• [EXERCISE OBJECTIVE] Below are entries. Give back exactly the lines from the one containing "test Aorus F127Q-P, recenzja" through the one containing "MightyOtterSurfboards_GRip_Quirn_Rohleder_Twin_Fin_Surfboard.jpg", inclusive, without the pictures.

• [DATA LISTING]
....
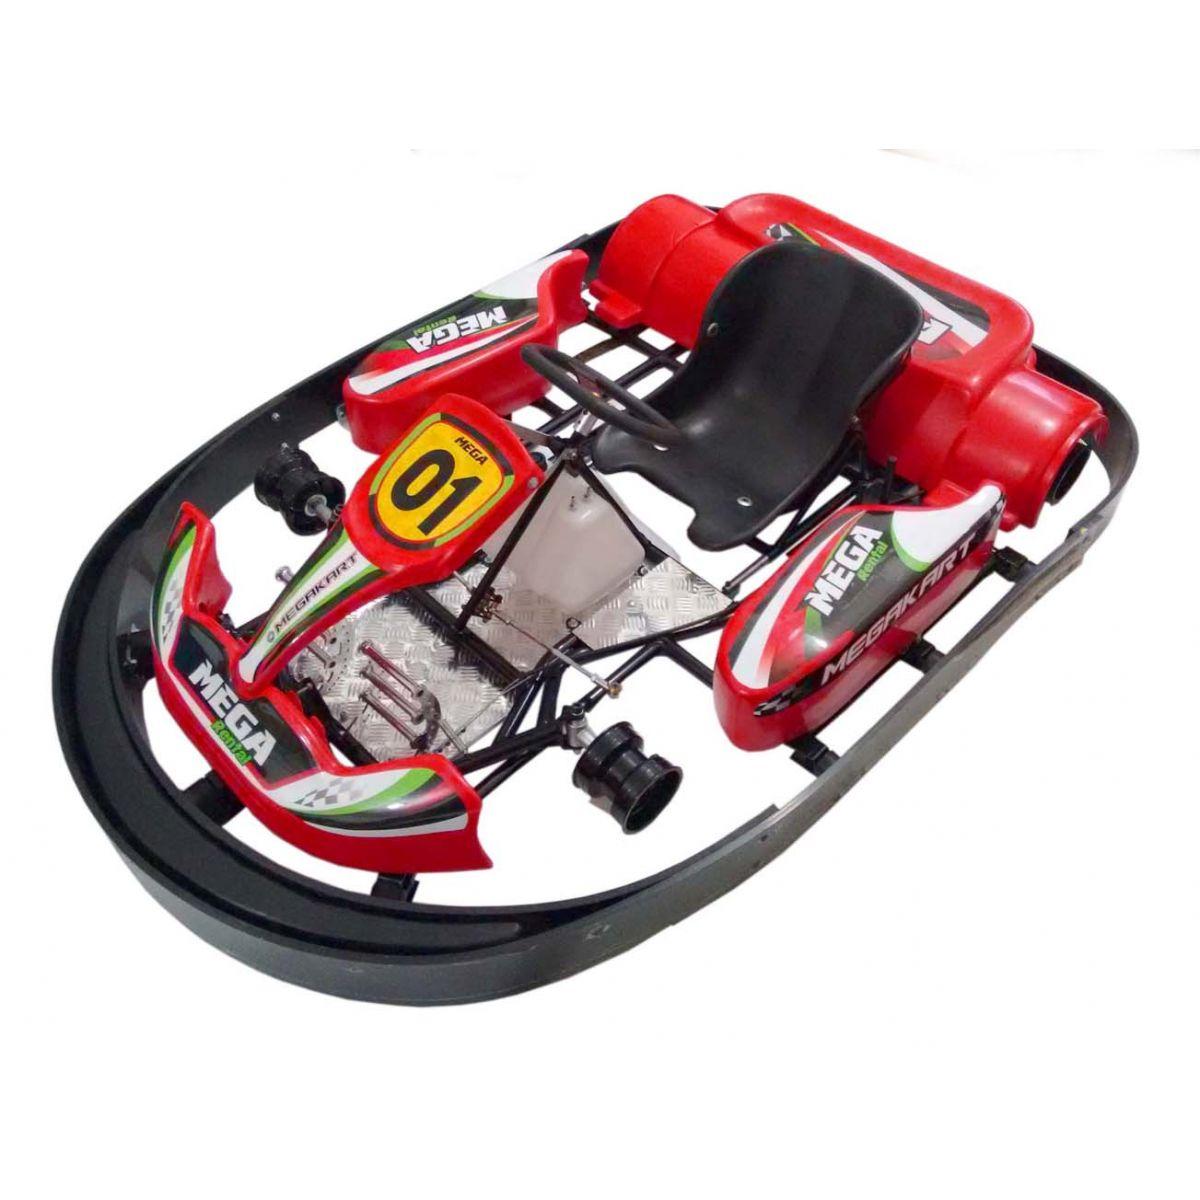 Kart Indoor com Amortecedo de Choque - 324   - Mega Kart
....
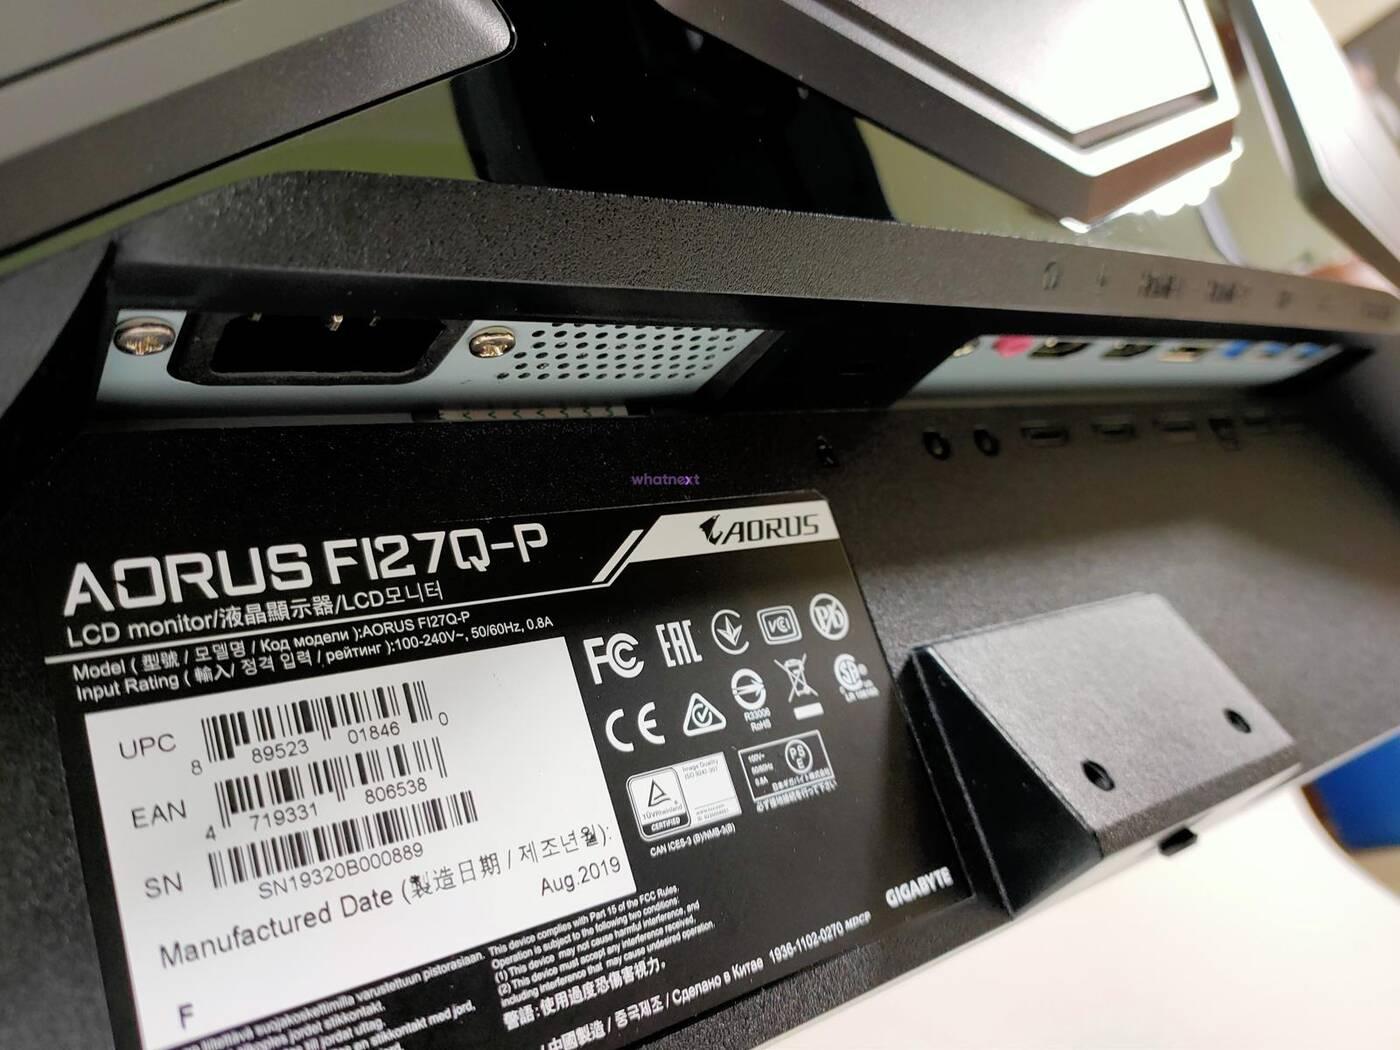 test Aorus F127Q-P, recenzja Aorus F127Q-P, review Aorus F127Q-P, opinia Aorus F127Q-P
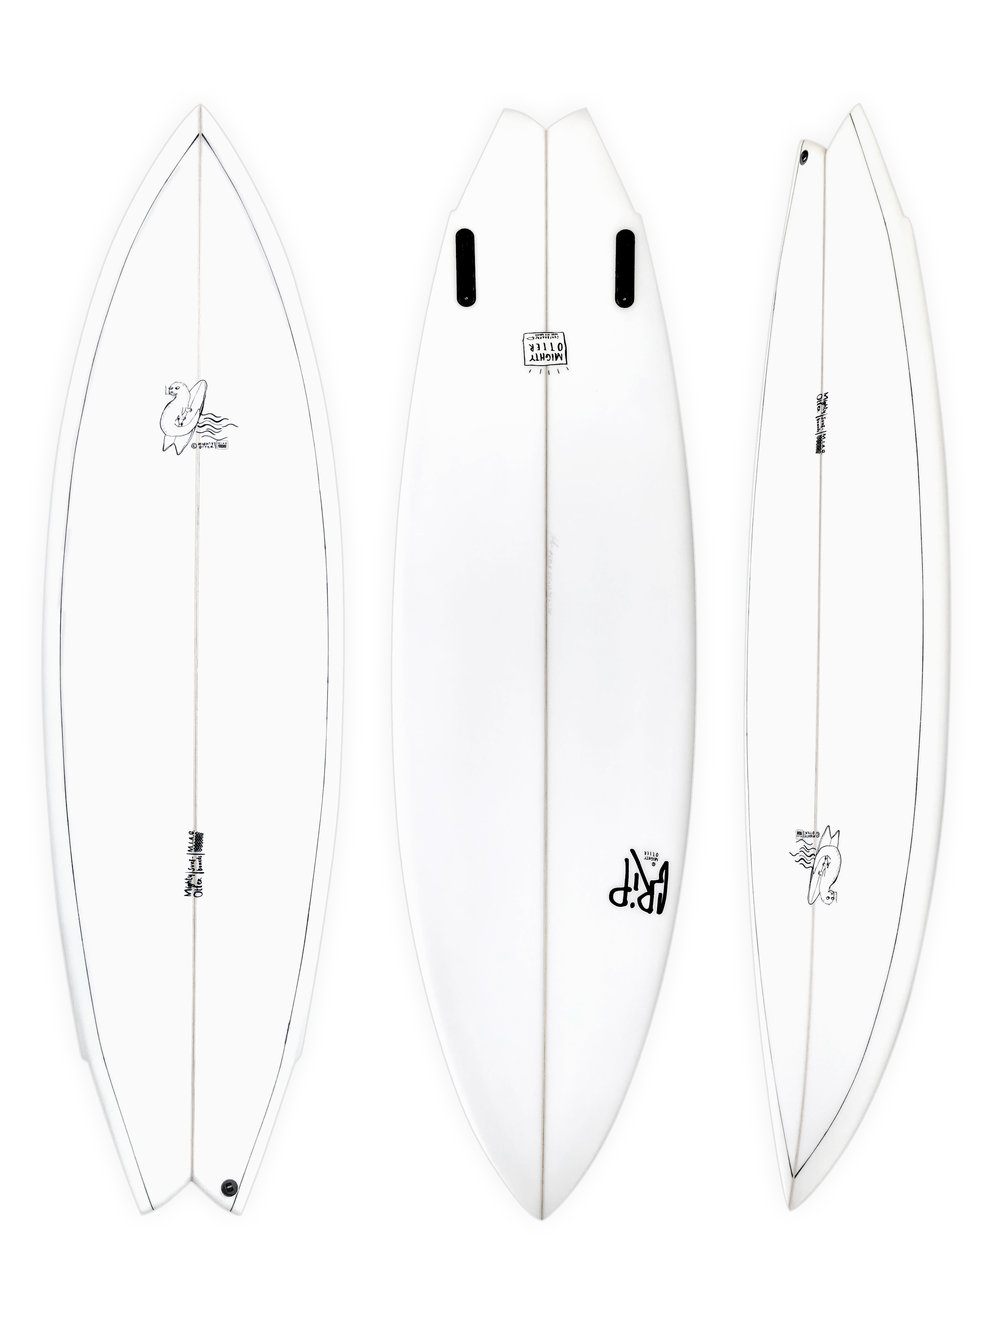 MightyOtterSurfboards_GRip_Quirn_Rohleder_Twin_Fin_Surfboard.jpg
....
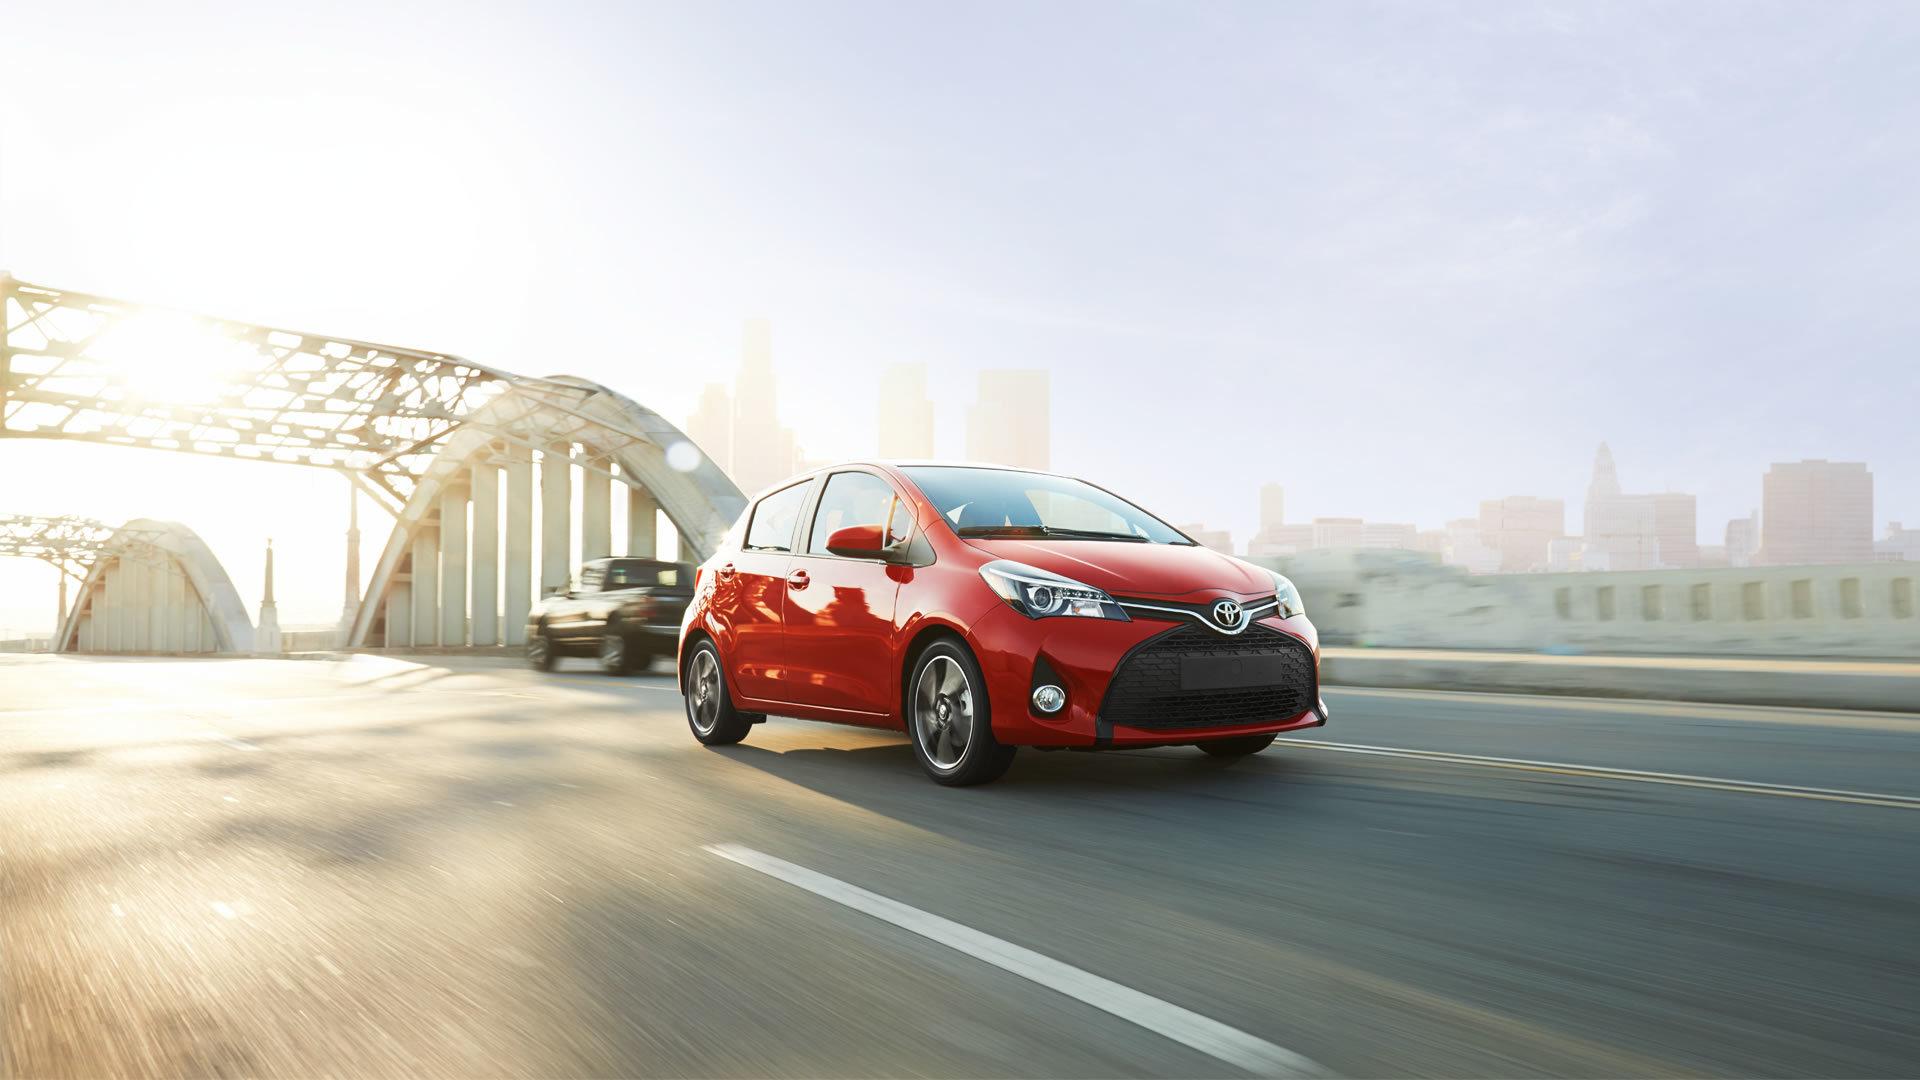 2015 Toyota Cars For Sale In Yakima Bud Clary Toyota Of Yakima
....
• [TASK RESULT]
 test Aorus F127Q-P, recenzja Aorus F127Q-P, review Aorus F127Q-P, opinia Aorus F127Q-P
 MightyOtterSurfboards_GRip_Quirn_Rohleder_Twin_Fin_Surfboard.jpg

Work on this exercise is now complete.